Лепарский недолго прожил после этого. 30 мая 1837 года он скончался. Декабристы с грустью проводили его прах для погребения в ограде церкви Петровского завода. Покидая Сибирь, многие декабристы увозили с собою на память нарисованные Н. Бестужевым акварельные портреты Лепарского.

143

На его место был назначен новый комендант, жандармский полковник Г. М. Ребиндер. Он сделал было попытку изменить характер отношений с декабристами, но вскоре вынужден был пойти по пути Лепарского.

Прекрасные отношения сложились у декабристов и с управлявшим Петровским заводом горным инженером А. И. Арсеньевым, человеком прямым, бескорыстным, честным и благожелательным. Редкий день проходил, чтобы он не навещал декабристов в их казематах или чтобы они не посещали его. «Посреди нас — он был наш, мы и он делили пополам и радость, и горе»,— вспоминал М. А. Бестужев.

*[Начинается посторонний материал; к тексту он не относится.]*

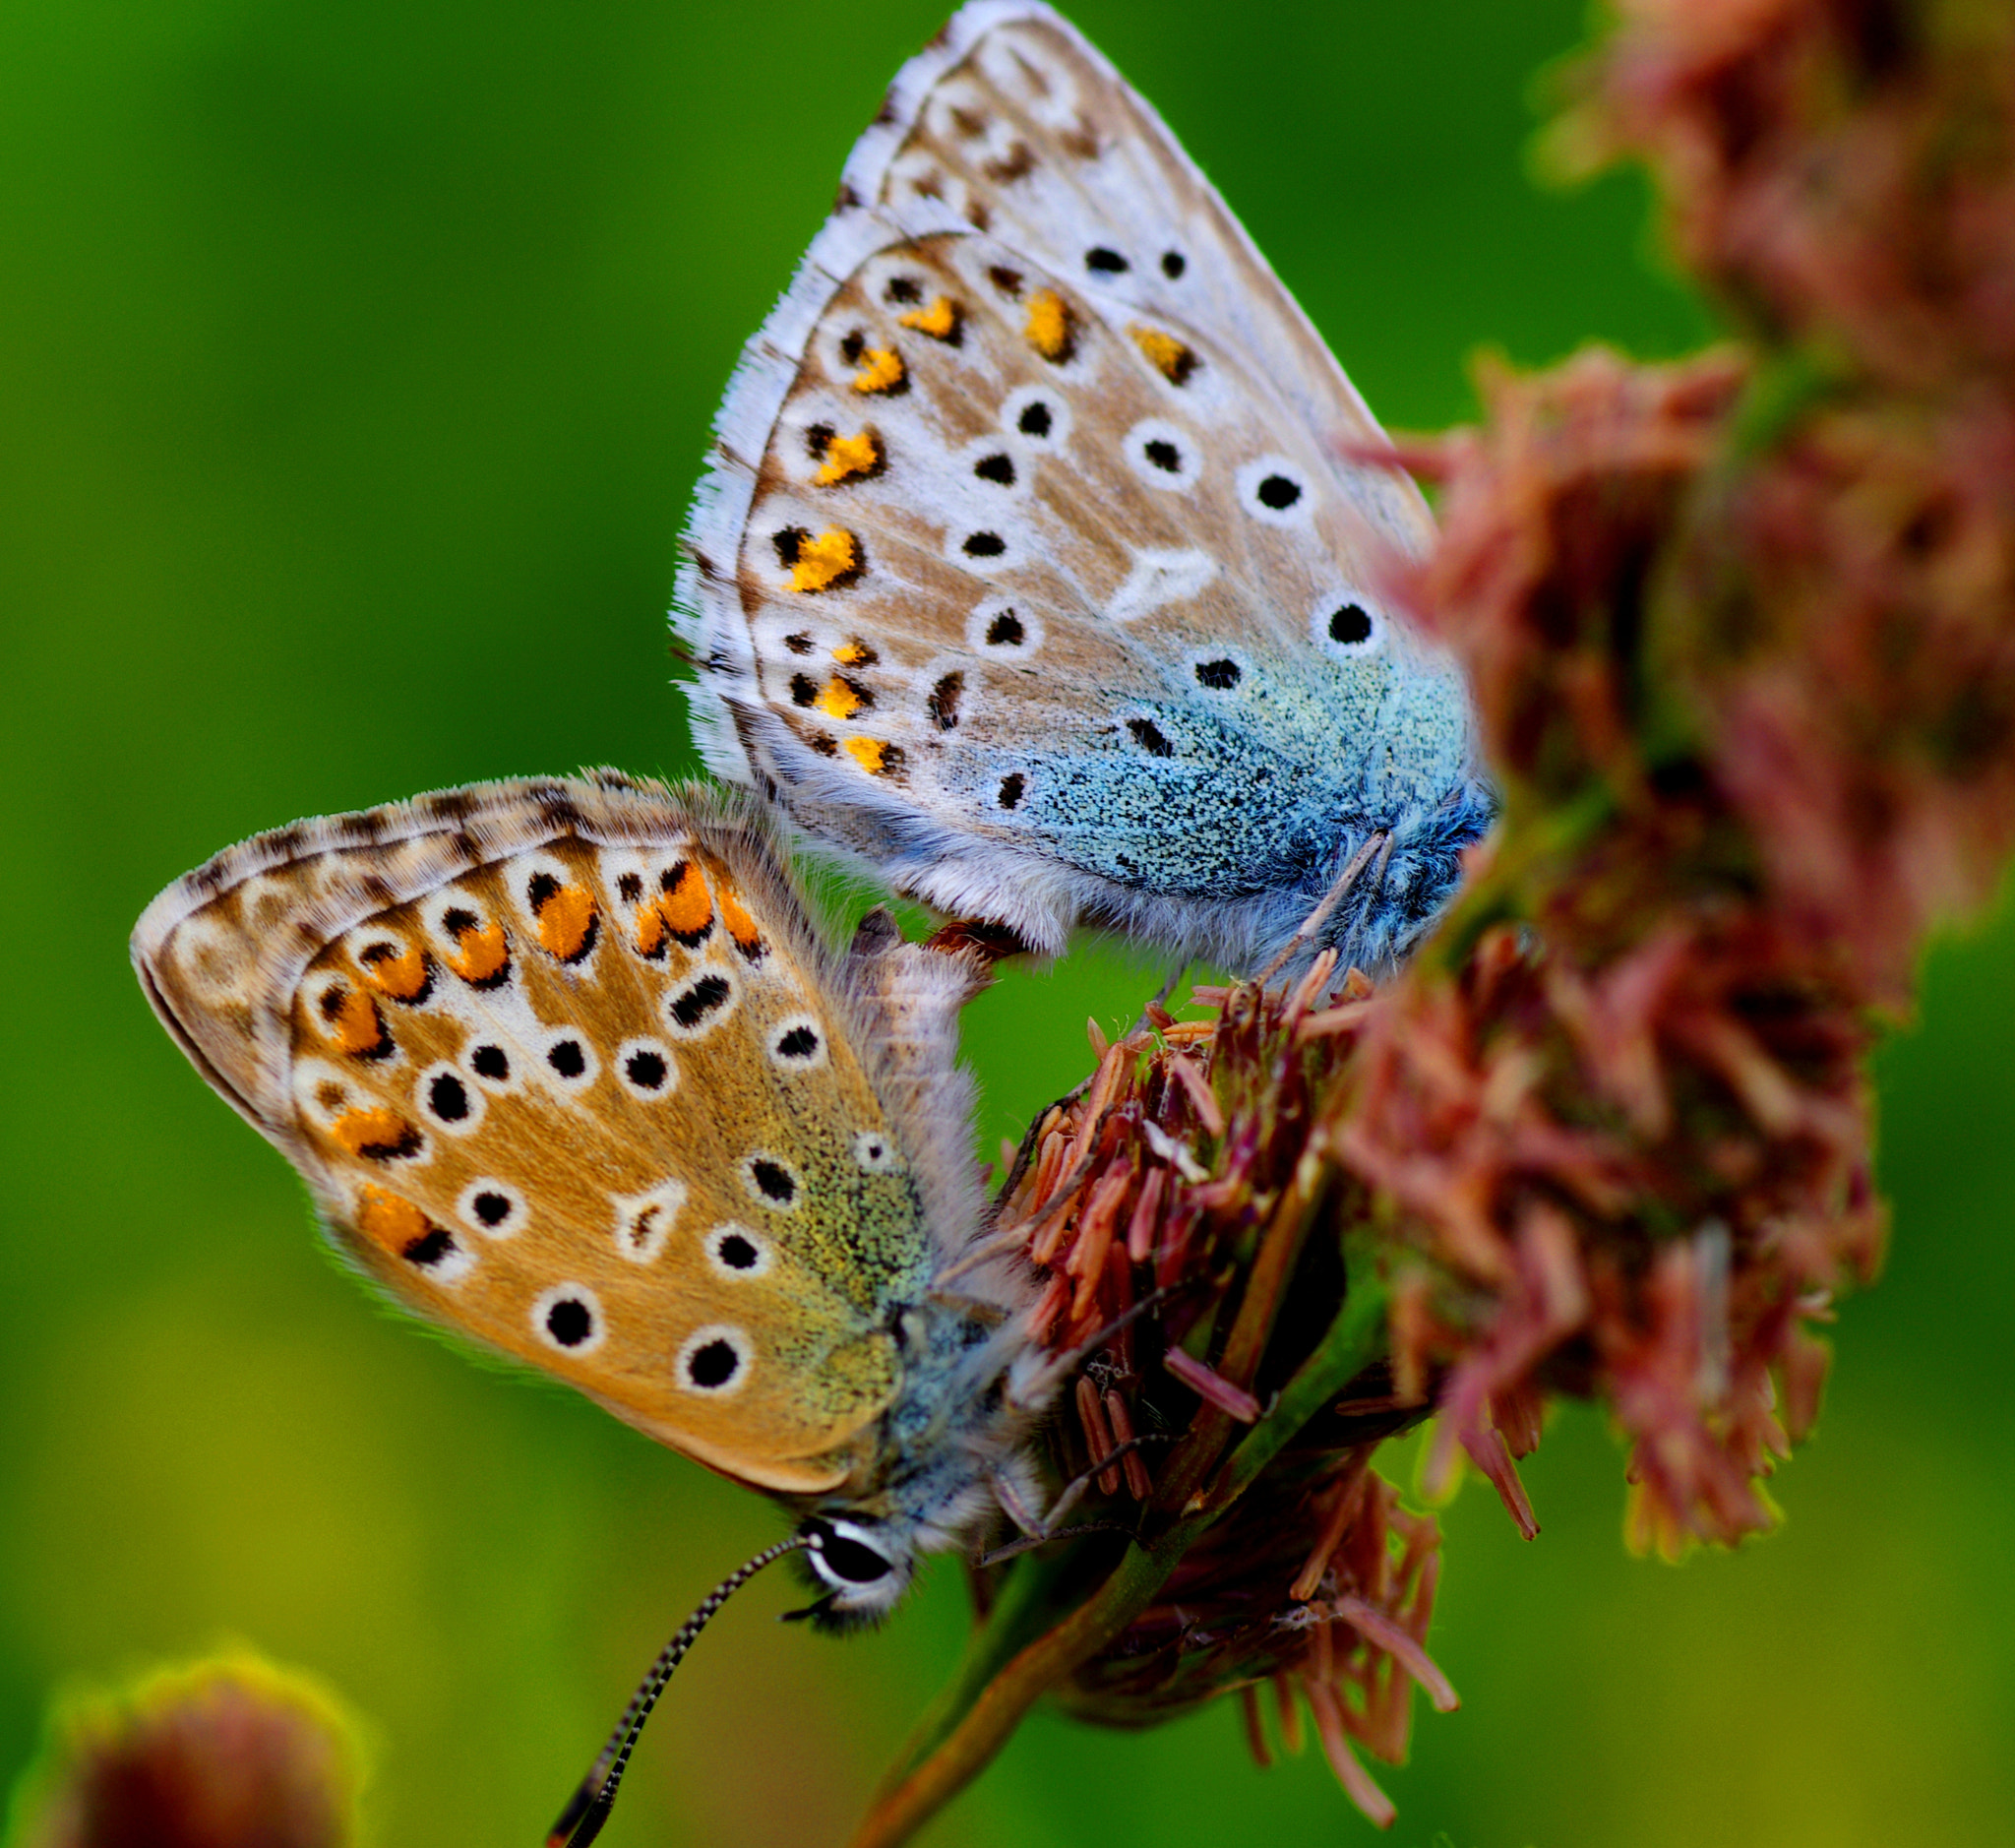 Pentax K-5 sample photo. Butterflies photography

При таких отношениях с начальством пребывание декабристов в Петровском заводе положительно сказывалось на укрощении буйного произвола низшего начальства. О тех или иных злоупотреблениях декабристы сразу узнавали от каторжан и немедленно принимали меры к их устранению.

Каторжане платили им за это чистосердечной привязанностью и бескорыстной любовью. В продолжение всего пребывания декабристов в Петровском заводе эти отверженцы общества ни разу не погрешили против них ни словом, ни делом. Это были большей частью жертвы бесчеловечного отношения к ним помещиков или произвола начальников, бессовестного суда, порочного устройства тогдашнего общества и разгула русской барской натуры в эпоху крепостного права.

Между этими людьми и декабристами установились простые и ясные человеческие отношения.

144

* * *
Наступил 1839 год. В июле весь первый разряд более нежели на тридцати повозках тронулся из казематов Петровского завода в разные места на поселение. Тюрьма опустела. Декабристов разбросали по всей Сибири, от Оби до Амура.

Лишь один декабрист, И. И. Горбачевский, решил остаться доживать свой век в Петровском заводе.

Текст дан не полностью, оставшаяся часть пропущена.